> **PROBLEM DETAILS**:
Return the data below exactly, minus the pictures.

> **INFORMATION PROVIDED**:
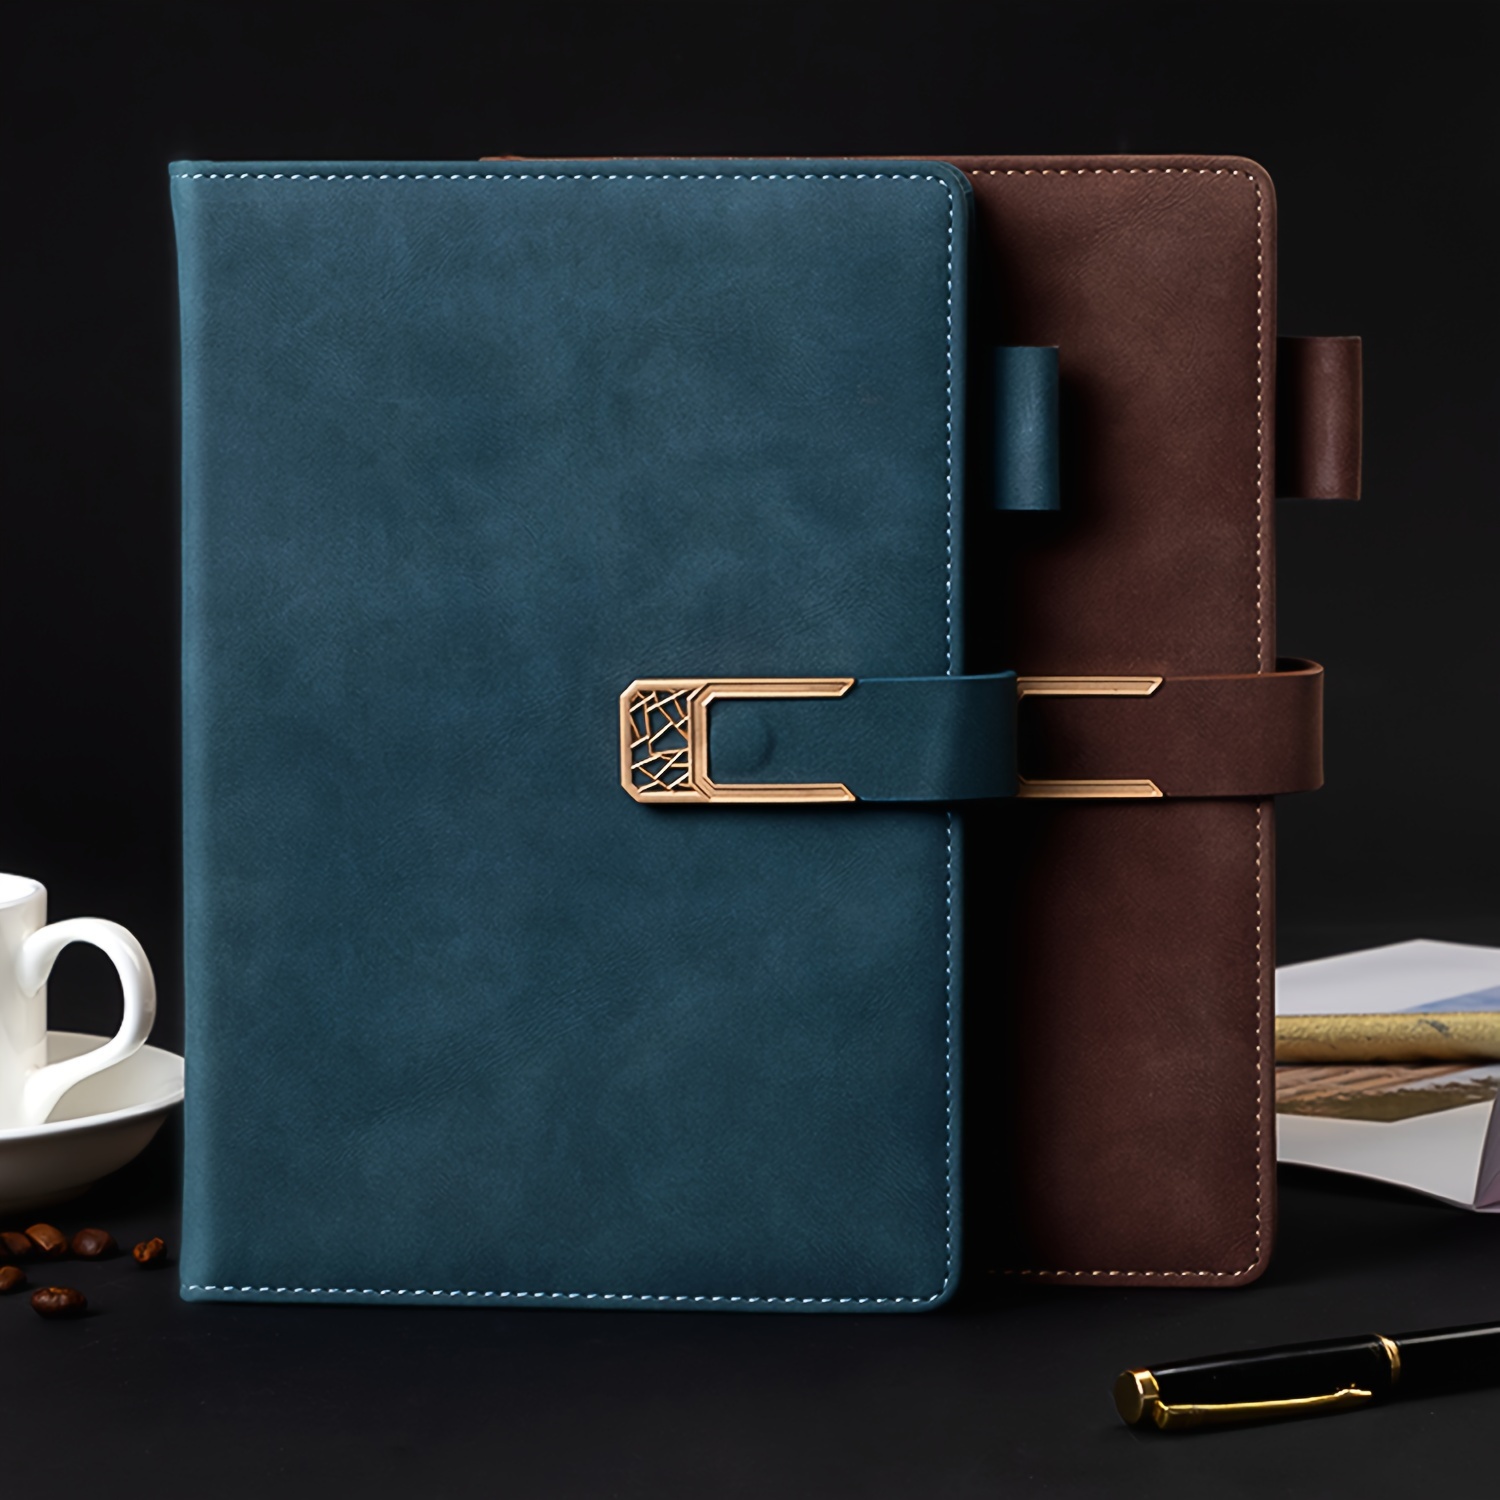 

A5 Vintage Pu Leather Business Notebook - 240 Pages - Hardcover Journal Diary With Magnetic Buckle - English Language Personal Organizer Notepad
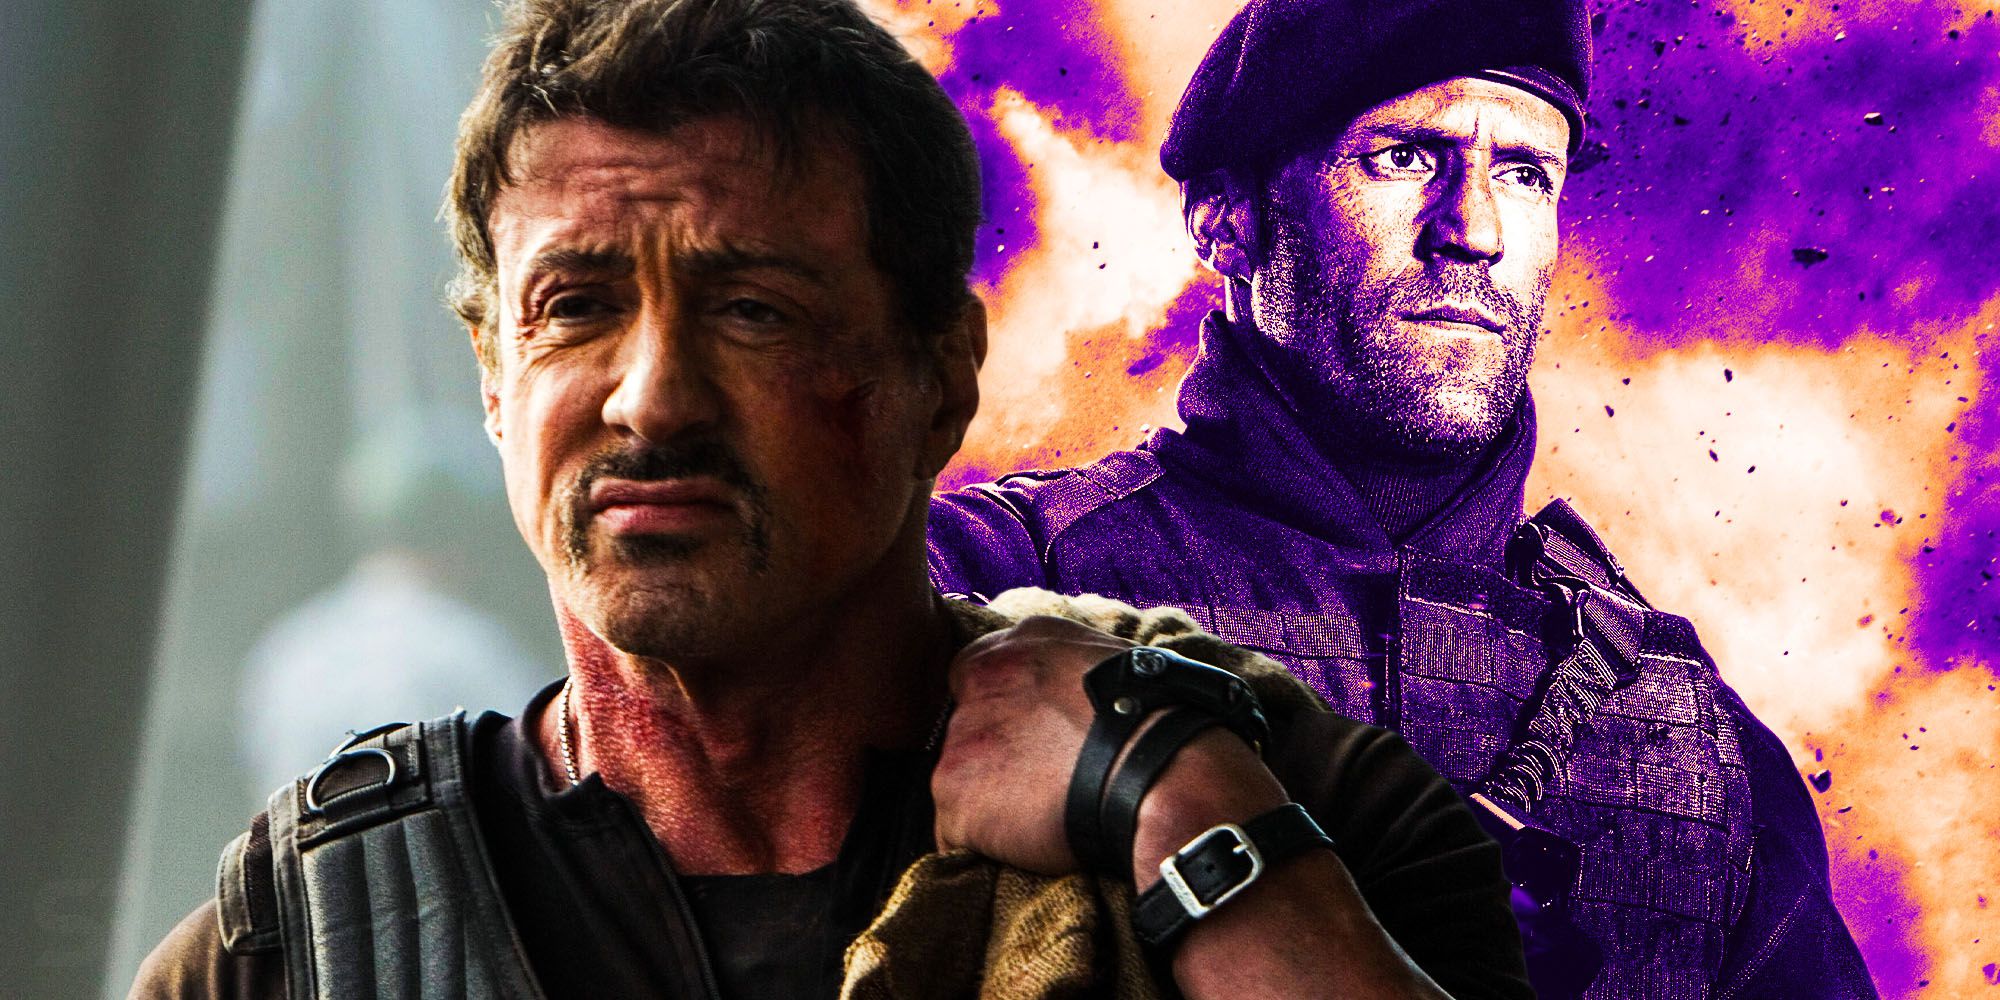 Expendables spinoff Jason Statham character better for Sylvestor Stallone
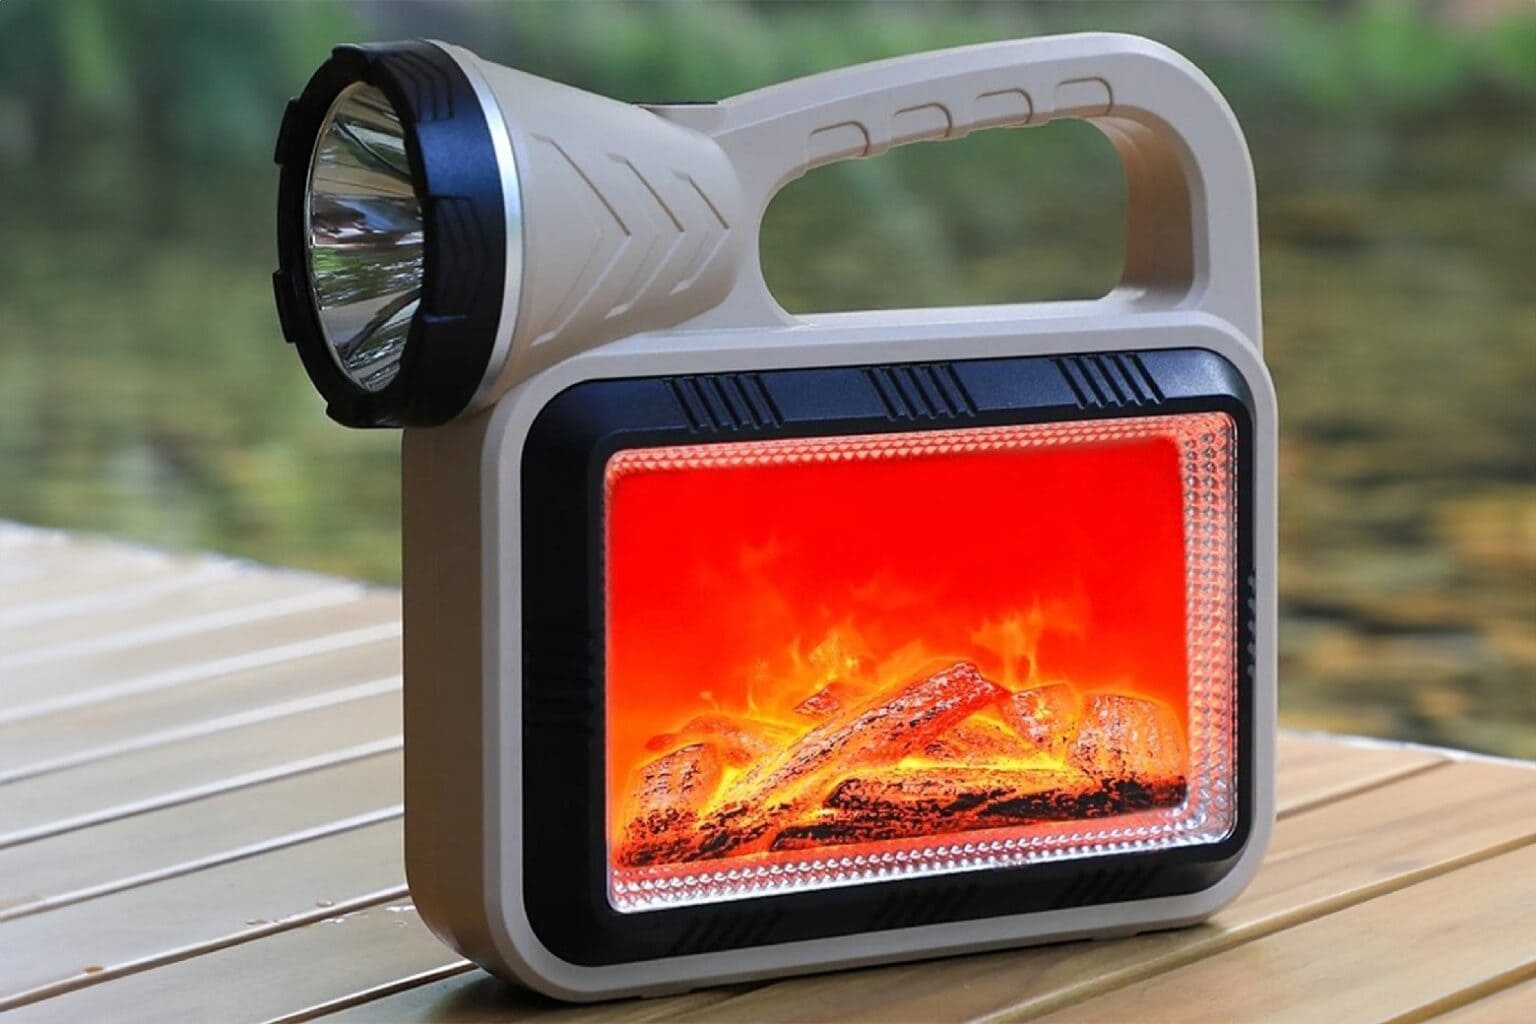 This solar-powered flashlight doubles as a power bank and lights up the night with faux fireplace.

> **OUTPUT**:
A5 Vintage Pu Leather Business Notebook - 240 Pages - Hardcover Journal Diary With Magnetic Buckle - English Language Personal Organizer Notepad
 Expendables spinoff Jason Statham character better for Sylvestor Stallone
 This solar-powered flashlight doubles as a power bank and lights up the night with faux fireplace.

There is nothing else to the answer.